* [STUDY MATERIAL]:
Segment Open
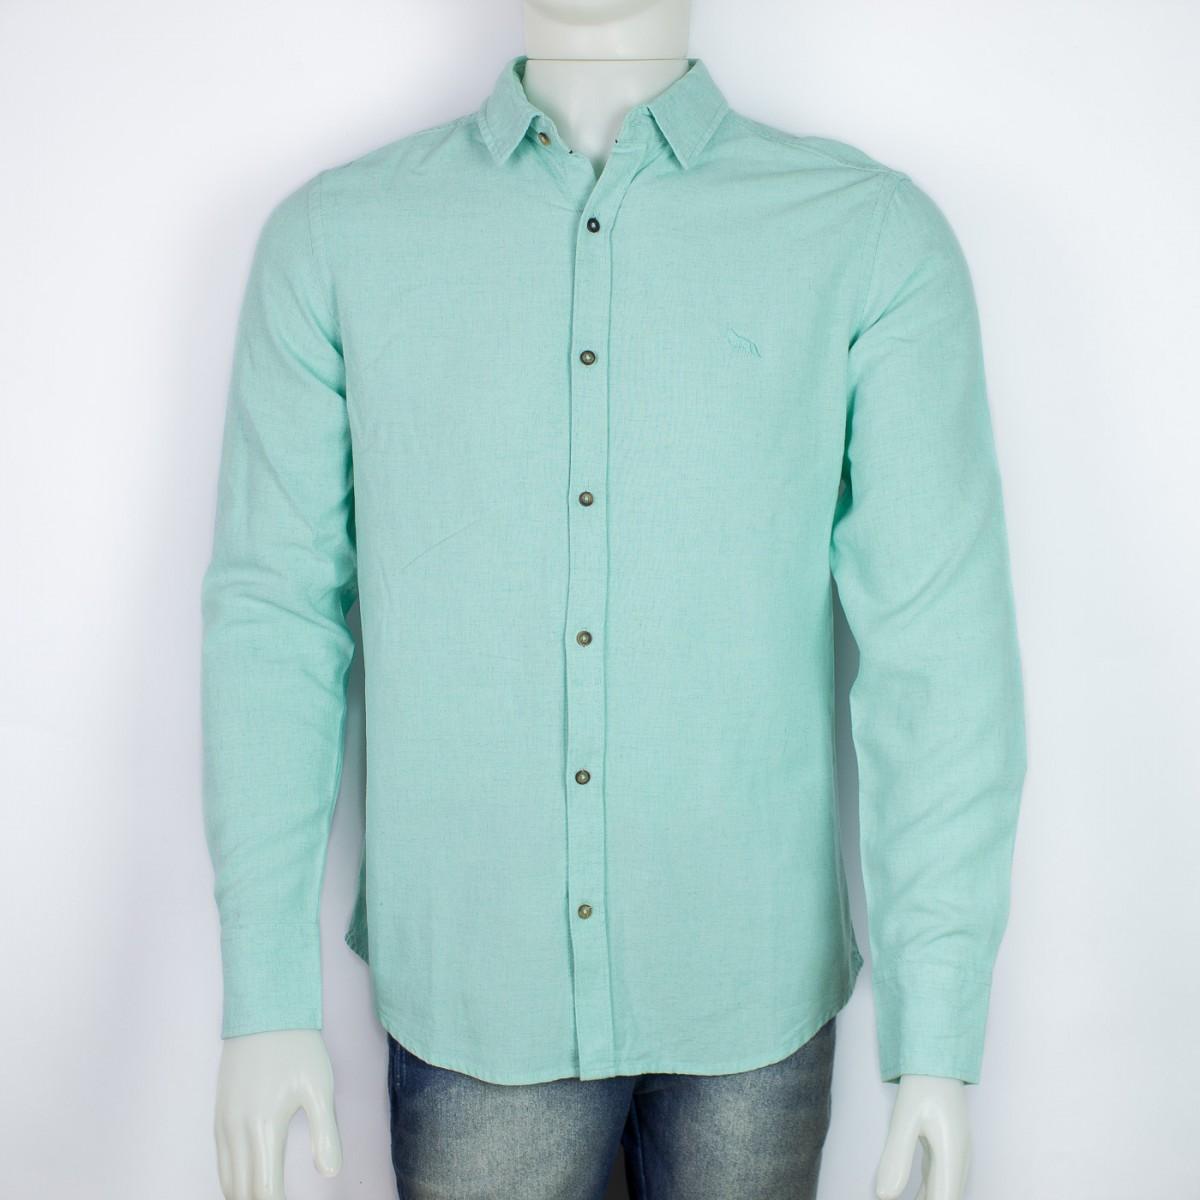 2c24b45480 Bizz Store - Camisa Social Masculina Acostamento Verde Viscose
Segment Closed
Segment Open
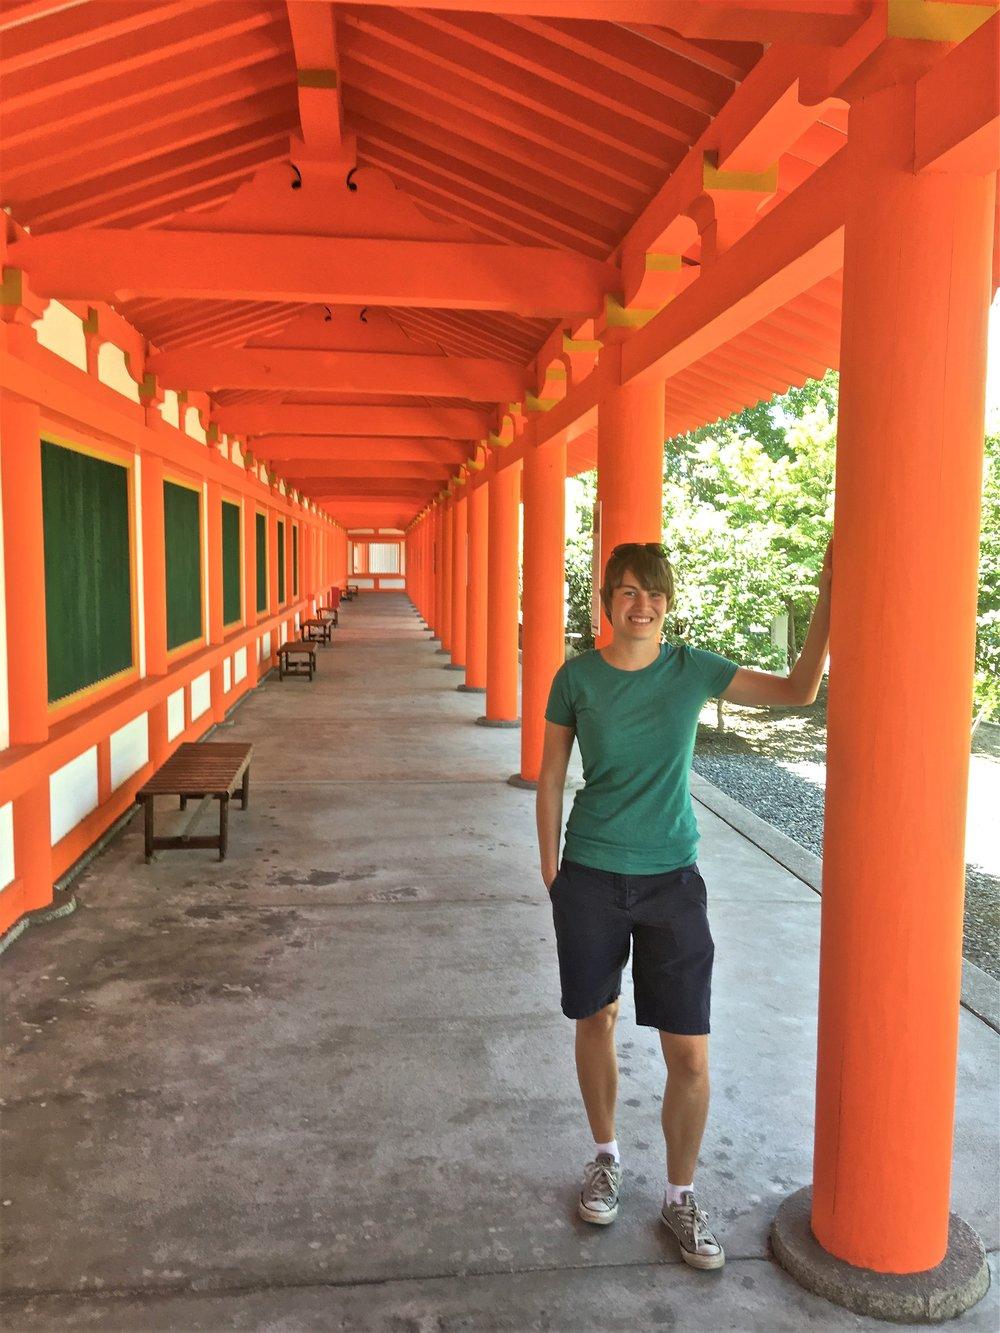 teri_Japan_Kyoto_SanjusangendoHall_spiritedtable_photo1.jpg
Segment Closed
Segment Open
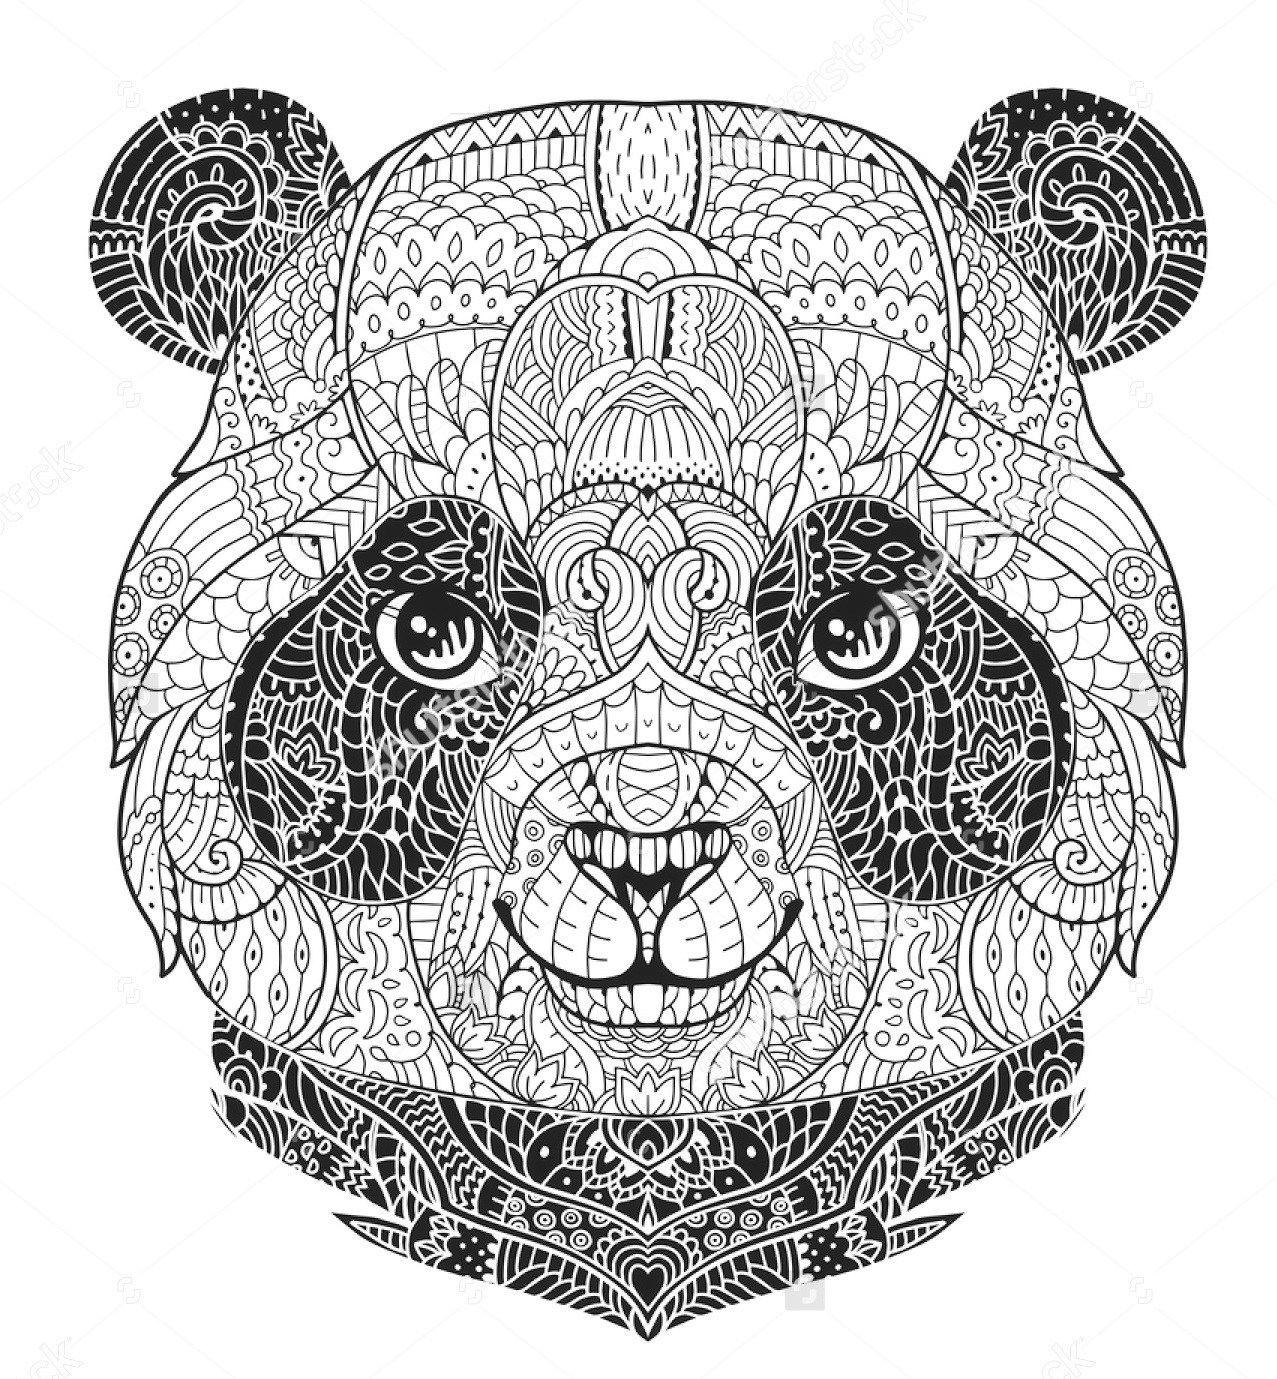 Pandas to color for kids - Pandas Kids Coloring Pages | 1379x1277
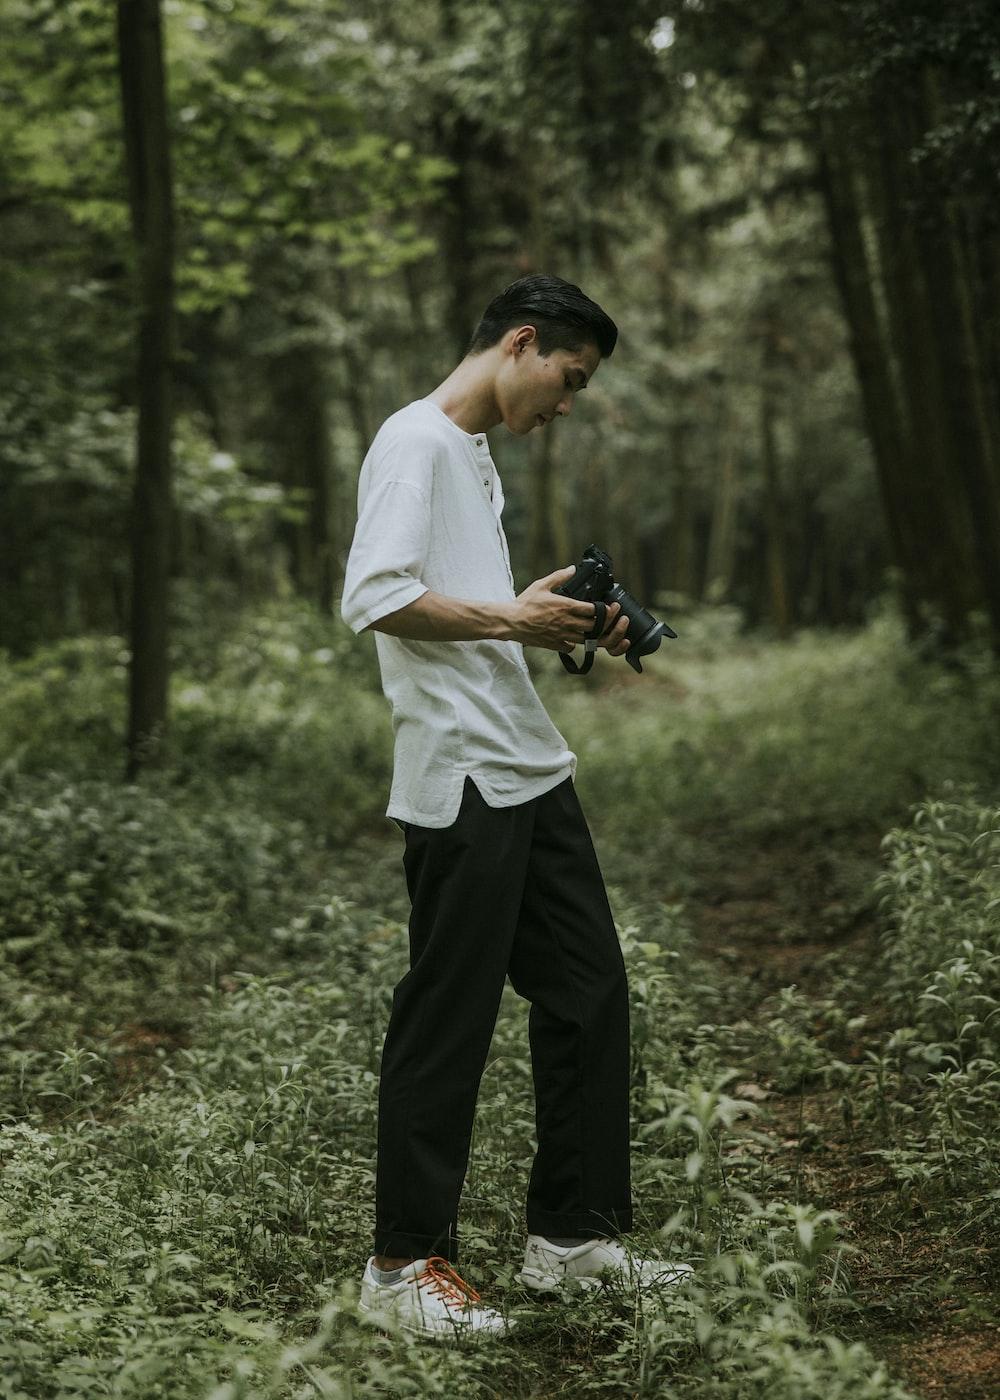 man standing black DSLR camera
Segment Closed
* [THE TASK]: Working from the entries above, please transcribe only the lines from the line with "Pandas to color" through the line with "man standing black DSLR camera", exactly, with both end lines and without pictures.

* [SOLUTION TO THIS TASK]:
 Pandas to color for kids - Pandas Kids Coloring Pages | 1379x1277
 man standing black DSLR camera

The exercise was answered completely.